Wednesday, February 15, 2012

1.05BN QPM using MySQL Cluster 7.2

We've passed another performance milestone using MySQL Cluster. In 2002 we passed the limit of 1M reads per second. Now we've passed the milestone of 1B reads per minute. We achieved 1.05BN reads per minute on an 8-node cluster using MySQL Cluster 7.2.5.

The benchmark used the latest MySQL Cluster version, available on launchpad and to be released as MySQL Cluster 7.2.5. The benchmark program is flexAsynch. Each read is a transaction consisting of a read of an entire row consisting of 25 attributes, each 4 bytes in size. flexAsynch uses the asynchronous feature of the NDB API which enables one thread to send off multiple transactions in parallel. This is handled similarly to how Node.js works with callbacks registered that reports back when a transaction is completed.

I will in a later blog discuss how an application can be designed to make optimal use of the asynchronous API to enable the application to reach these kind of performance numbers for key lookup operations.

The benchmark was executed on a set of 2-socket servers using X5670 with Infiniband interconnect and 48GB of memory per machine. There were 8 data nodes in the cluster and each machine had 1 data node placed in it. There were 10 machines running flexAsynch (1 process per machine).

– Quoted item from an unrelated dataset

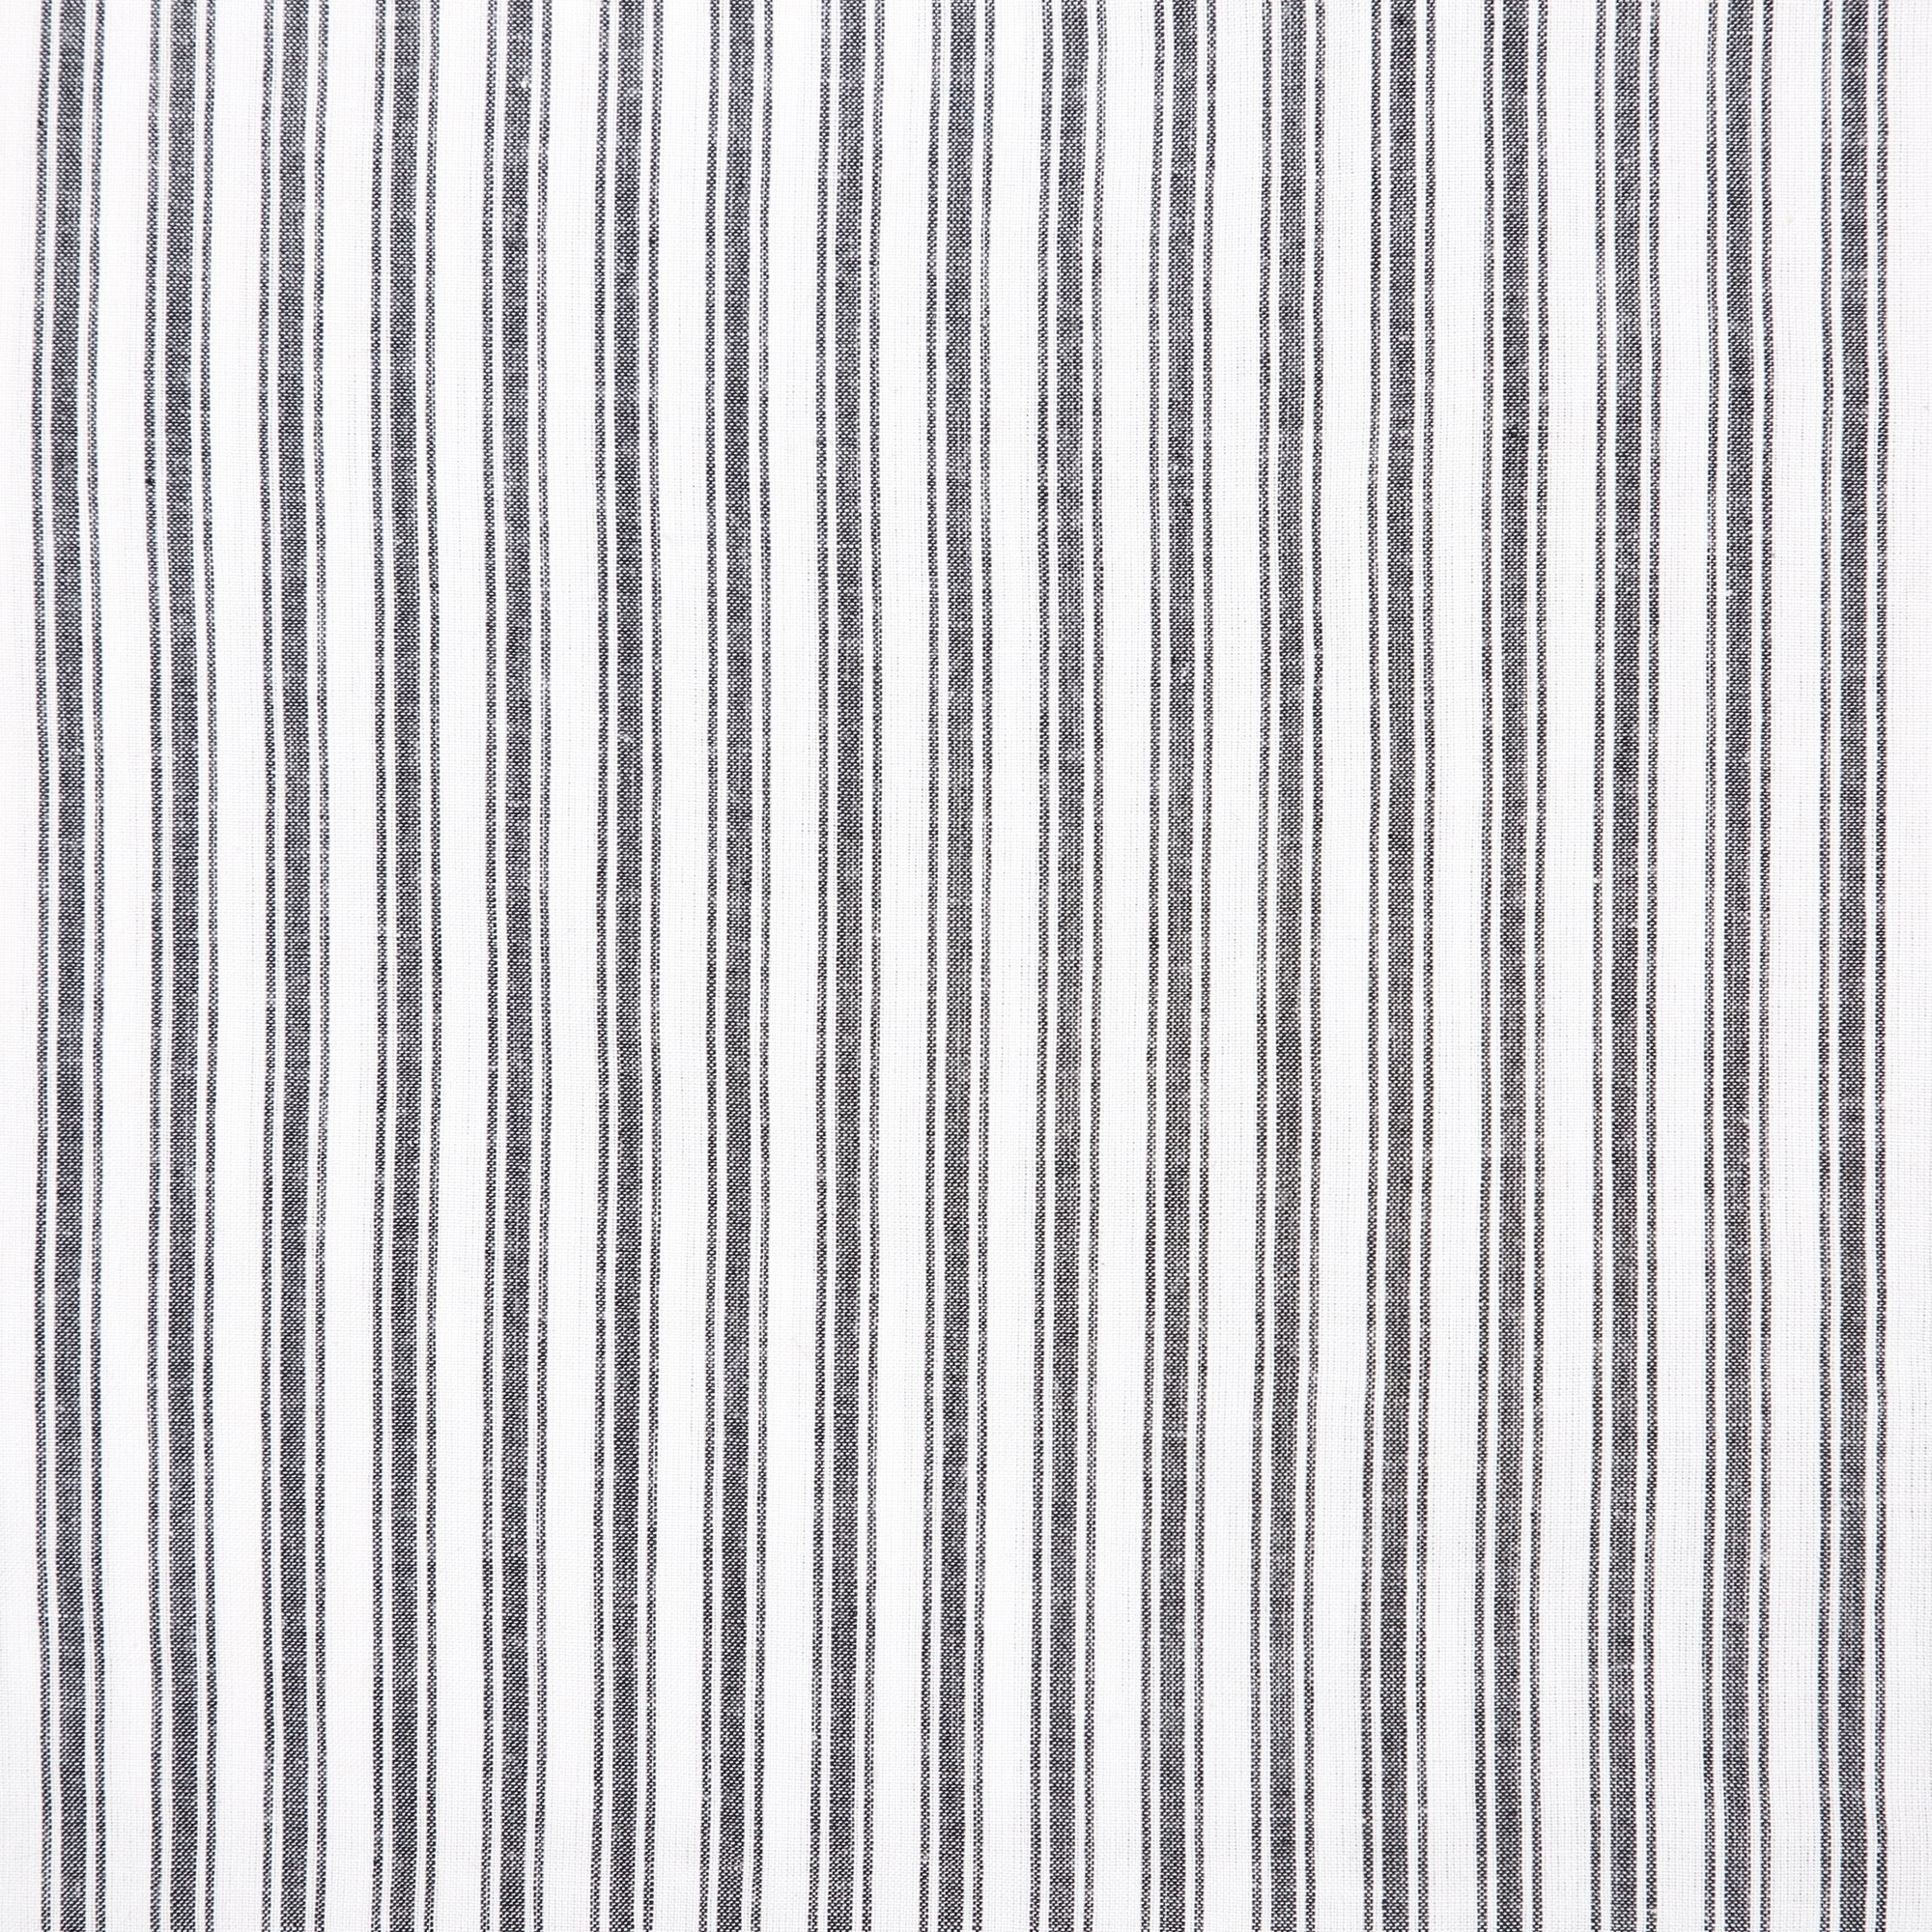 Sawyer Mill Black Ticking Stripe King Bed Skirt 78x80x16 VHC Brands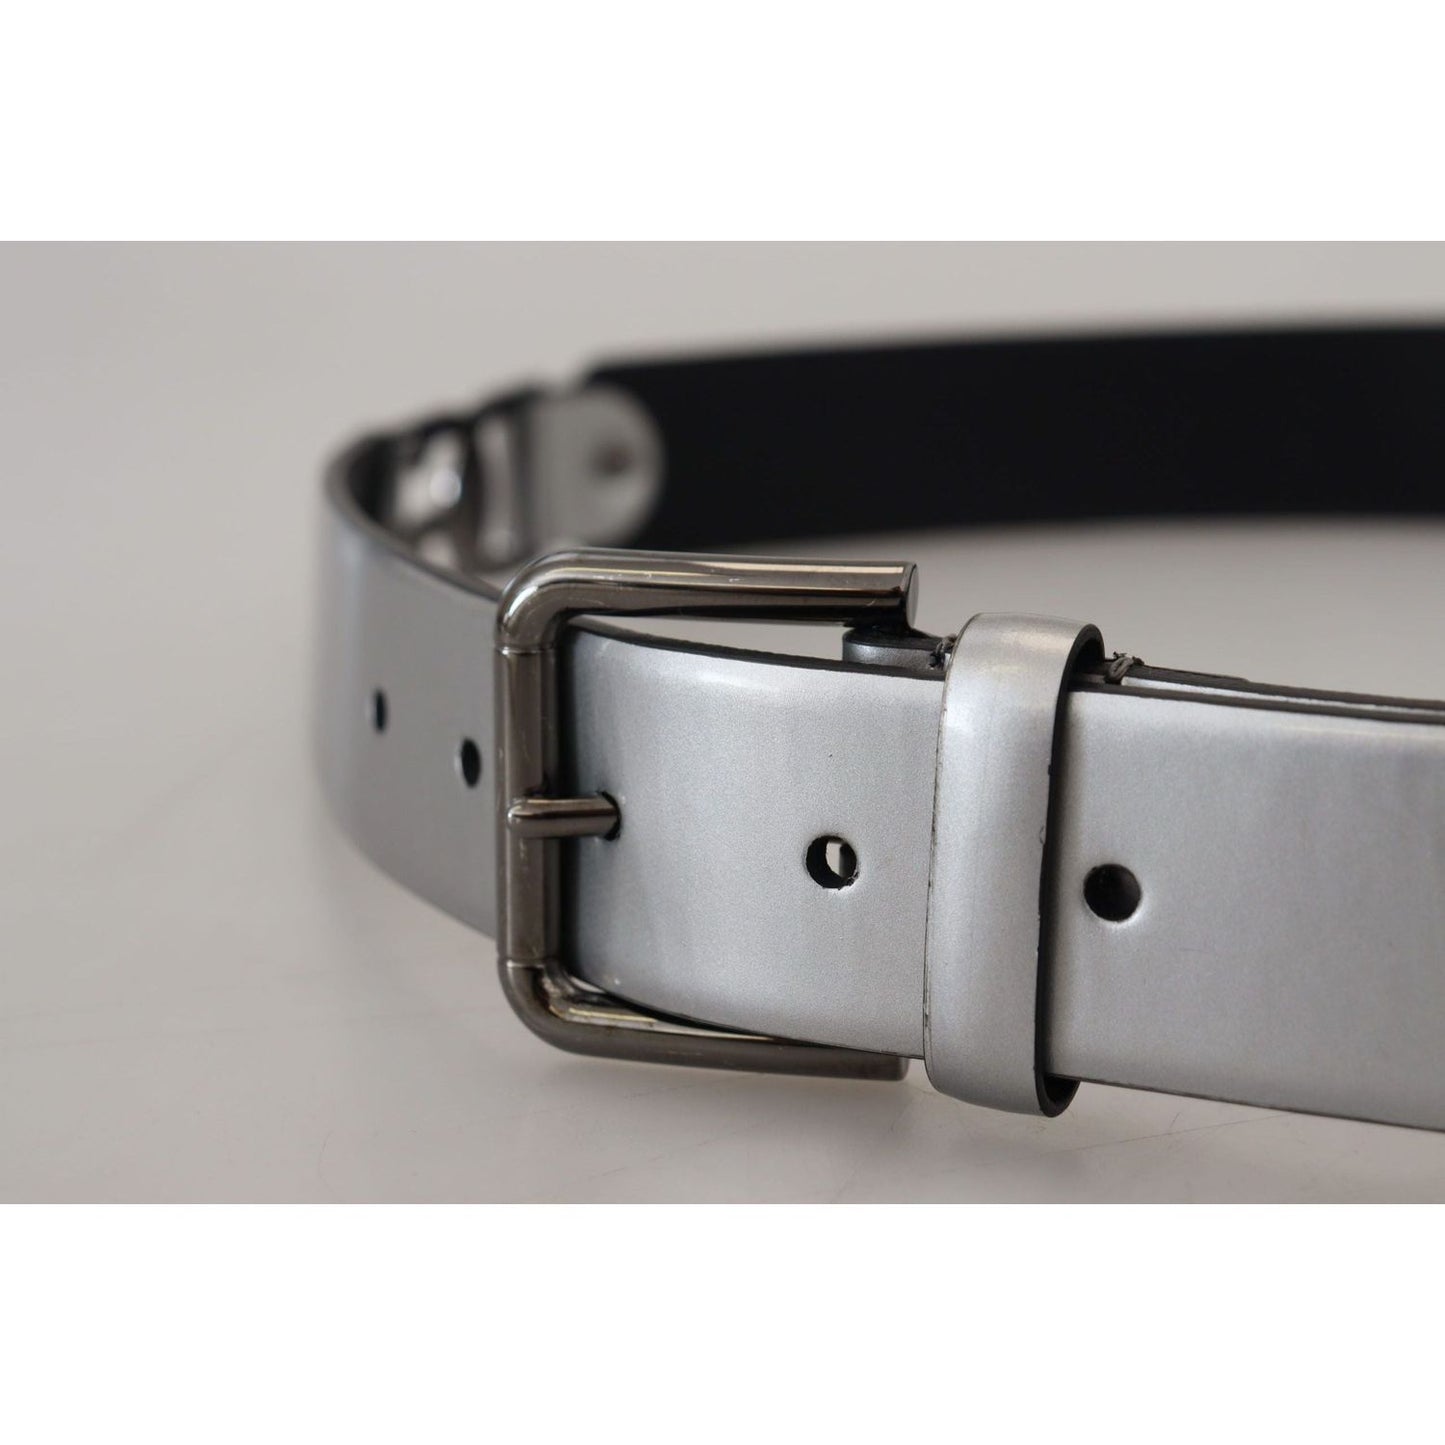 Dolce & Gabbana Chic Silver Leather Belt with Metal Buckle metallic-silver-leather-dg-logo-metal-buckle-belt IMG_2256-scaled-db7c6b24-a5b.jpg

We reported a similar benchmark a year ago, the results from an 8 data node set-up was 2.1M reads per second (8X improvement) and using 8 machines the set-up was 16 data nodes where we reached 4.3M reads per second (4X improvement). This dramatic improvement is possible since we have made each data node make more effective use of the available hardware threads. Previously each data node exploited about 6 CPUs with 8 threads, in this benchmark we used about 14 CPUs with 24 threads. We've also removed a number of bottlenecks and the configuration of the threads is done in such a manner as to handle many different loads well.

We have also improved the update numbers from 1.3M updates per second in an 8-node setup to now reaching 1.9M updates per second in a similar set-up.

The scripts required to run the benchmark are available on our benchmark page. We've placed the configuration file used to drive the benchmark in the dbt2-0.37.50 tarball in the examples directory.

You can learn more about all of the enhancements in MySQL Cluster 7.2 from our Developer Zone article.

40 comments:

Anonymous said...

Could you elaborate to an uneducated reader whether we talk QPM or TPM? Numbers from about a year ago spoke of TPS - 2.46M write tps (~147M write tpm), 6.82M read tps (~400M read tpm), http://mikaelronstrom.blogspot.com/2011/04/mysql-cluster-running-246m-updates-per.html

Mikael Ronstrom said...

In this case TPM and QPM is equivalent. There is one query per transaction and the query is a primary key lookup reading 25 attributes which are 4 bytes each.

In the case of updates it is also equivalent where a transaction consists of one update of all 25 attributes using the primary key as index.

TPS is per second and QPM is per minute.

John Ward said...

Hey there Mikael, those are quite astonishing results.. What kind of storage are you using on the back end?

Mikael Ronstrom said...

These benchmarks are done on read benchmarks on main memory data, so disks are not really involved in the benchmark. I will later report on benchmarks also on updates where we have machines with advanced IO as well. Stay tuned.

Andy said...

Mikael,

1) What if the data set is bigger than RAM? Say I'm using mainstream SSD's such as Intel 320 - would MySQL Cluster by any faster than regular MySQL with such IO-bound workload? What type of performance per node can be expected in this case - 10k rps? 100k rps?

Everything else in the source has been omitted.